Позвонил Борис Матвеевич, мамин старый приятель. Он же – директор школы, а у мамы, собственно, все школьные директора в приятелях числились. В прошлом году я проходил у Бориса Матвеевича практику, то есть якобы проходил. Из положенных часов едва ли отвел половину. Маме тогда уже не здоровилось, нужен был уход, и он пошел навстречу, проставил всё как надо.

– Эдик, у вас когда в этом году практика начнется? Где будешь проходить?

– Уже. С понедельника началась. На кафедре…

– Эдик, родной, я тебя умоляю, выручай! Поработай у нас эти пару месяцев, я тебе не только практику проставлю, но и зарплату платить буду. С кафедрой я договорюсь…

Я молчал.

– Тут, видишь, какое дело, учитель литературы внезапно уволилась, отказалась даже две недели отрабатывать. Скандал такой… Я так с лету учителя хорошего где найду? А класс выпускной, у них каждый час…

– Выпускной?

Я и сразу не хотел идти в школу, черт, да у меня вообще школофобия развилась. А с прошлогодней практикой справился только потому, что класс дали пятый, с ними просто, и даже интересно было. Смотрели на меня, открыв рот. Я даже человеком себя чувствовал. Но одиннадцатый… Нет, на такое Борис Матвеевич меня не уломает, даже невзирая на всю мою благодарность.

– Да, но класс хороший, серьезный. Всего два месяца! Эдик, дорогой…

– Борис Матвеевич, боюсь, я не справлюсь…

– Какой там! Думаешь, я не помню твой открытый урок? Да я за всю жизнь не видел, чтобы ученики так слушали…

Он льстил, конечно, льстил. Ничего особенного, хоть все и хвалили. Просто хотели маме приятно сделать или услужить, я с детства подобное наблюдал. Ну а теперь Борис Матвеевич просто тянул за все нитки, лишь бы заманить меня.

Я упирался как мог, но аргументы в его арсенале, казалось, не иссякали. В конце концов, я просто устал спорить, устал отказывать. Мне вообще тяжело кому-то говорить “нет”, а уж тем более тем, к кому испытывал благодарность. В итоге, скрепя сердце, согласился. Борис Матвеевич возликовал, обрушил на меня поток дифирамбов и заодно дал телефон учительницы, которая так внезапно уволилась. Мол, поспрашивать, что проходили, на чем остановились. Я и позвонил. Она ответила, но разговаривала сухо. Я – болван, не расслышал ее имя-отчество и назвал Ирина вместо Галина, но, по-моему, сердилась она не из-за этого. Впрочем, сказала, что проходят Куприна, «Гранатовый браслет». Я бы, конечно, хотел полюбопытствовать, что ее заставило так неожиданно сорваться с места, все-таки из-за нее страдать придется теперь мне, и вообще хотелось бы знать, чего ждать, но, честно сказать, постеснялся. Сам-то я не сильно люблю, когда в душу лезут. Да и она явно не расположена была к откровениям. Поэтому я вежливо попрощался и полез в шкаф, искать томик Куприна.

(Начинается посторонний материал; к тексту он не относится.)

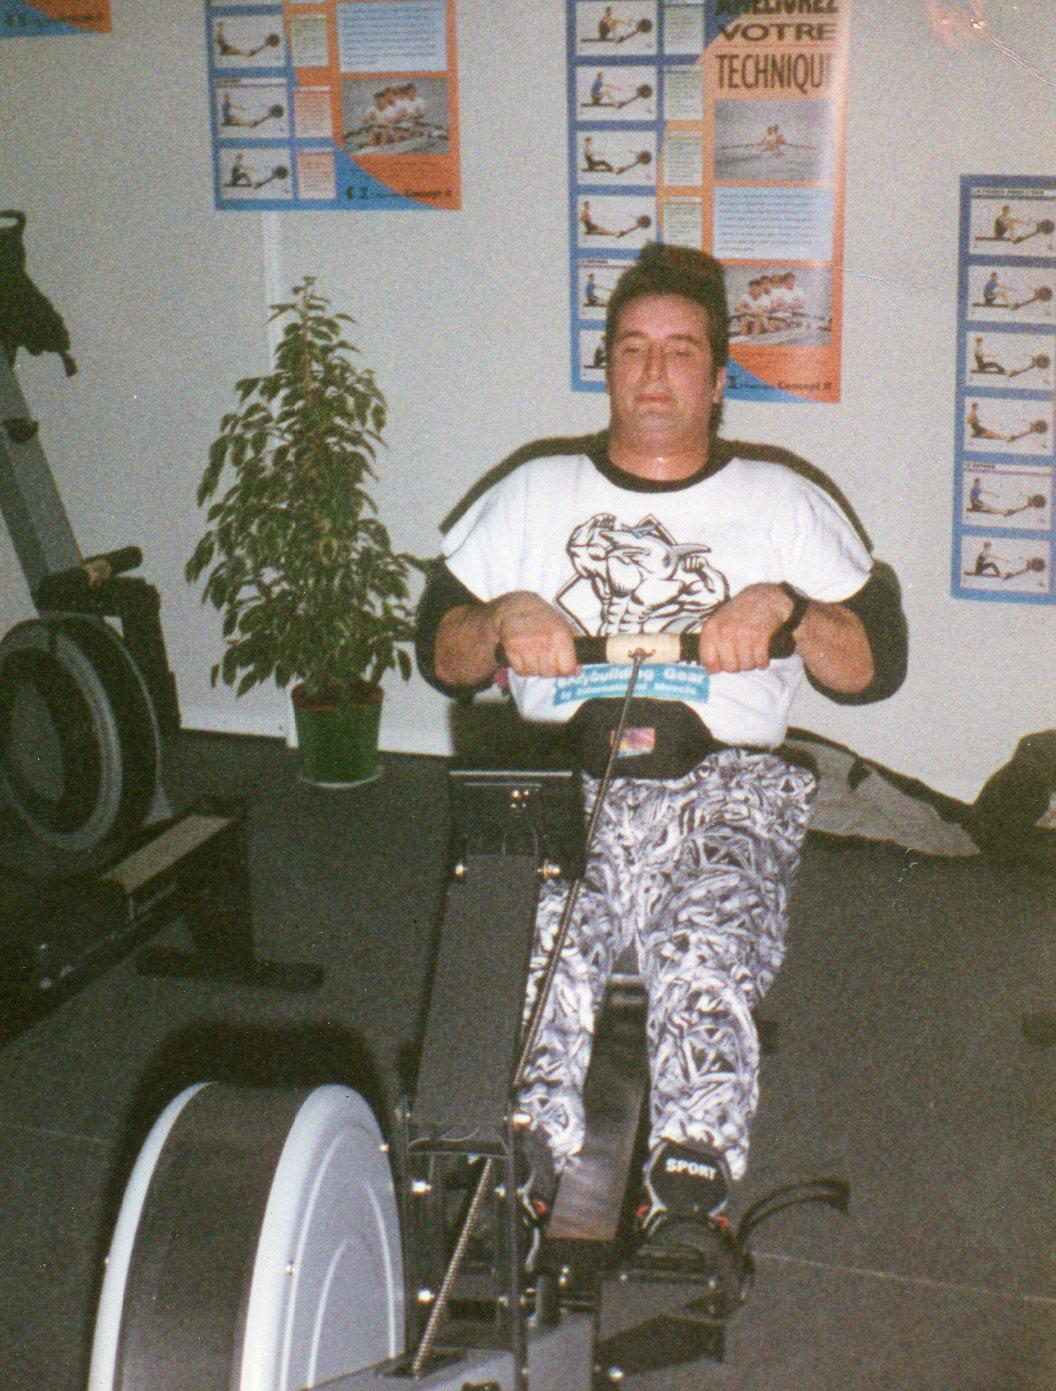 http://images.onlc.eu/muscle-catrinOEU//130608004920.jpg

Хорошо, что Куприн. Было б совсем тоскливо, если бы начинать пришлось с Горького, не лежит у меня к нему душа. Хотя это, наверное, непедагогично.

В общем, готовился. Еще голову ломал, что надеть. Остановился на темно-синем тонком пуловере и черных брюках. Неброско и не слишком строго.

Ночью накануне не спал, разволновался. Не помог даже «Новопассит».

А наутро у меня и вовсе адреналин в крови зашкаливал. Шел и боялся. По-настоящему! Аж потряхивало. Ну какой я учитель? Сам ничего толком не знаю. Да еще ученики эти, у нас разница ведь всего года три, плюс-минус… Какой уж тут авторитет, не съели бы.

Борис Матвеевич, завидев меня на пороге, обрадовался несказанно. Неужто сомневался, что приду? Я же обещал. Самолично препроводил меня к делопроизводителю, потом – к себе, затем – в учительскую, где представил всем, кто меня еще не знал. В конце концов, сбагрил меня на какую-то женщину, как я понял, она – руководитель сектора русского и литературы. Женщина оказалась очень приятная. В возрасте, но еще не старая. Полная, но не грузная. И очень говорливая. Представилась Ниной Ивановной. Затем отвела меня в кабинет, всучила журнал одиннадцатого «А» и, пожелав «ни пуха», удалилась.

Класс мне неожиданно понравился. Не знаю, чего я ждал, но точно не внимания и не заинтересованности. Меня слушали! Если поначалу я еще нервничал, раздумывал, куда встать, что сказать, куда деть руки, то вскоре вообще забыл обо всем. А потом появился Он. Сказать, что я был потрясен – ничего не сказать. Нет, конечно, это был просто мальчишка, по причуде судьбы до невозможности похожий на маминого кумира. Но здесь не только черты… Тот же вызов, та же непокорность и безбашенность, то же болезненное отчаяние. От одного его взгляда я лишился рассудка, забыл, как дышать, как разговаривать… И, конечно, не сразу сообразил, что непозволительно долго смотрю на него. Еле вернулся в реальность, титаническим усилием смог продолжить урок, но этот мальчишка притягивал похлеще, чем неодимовый магнит. Вопреки воле, я поглядывал на него весь урок. Нет, надо взять себя в руки, а то и свихнуться можно. Окончательно. И так после урока меня еще целый час потряхивало.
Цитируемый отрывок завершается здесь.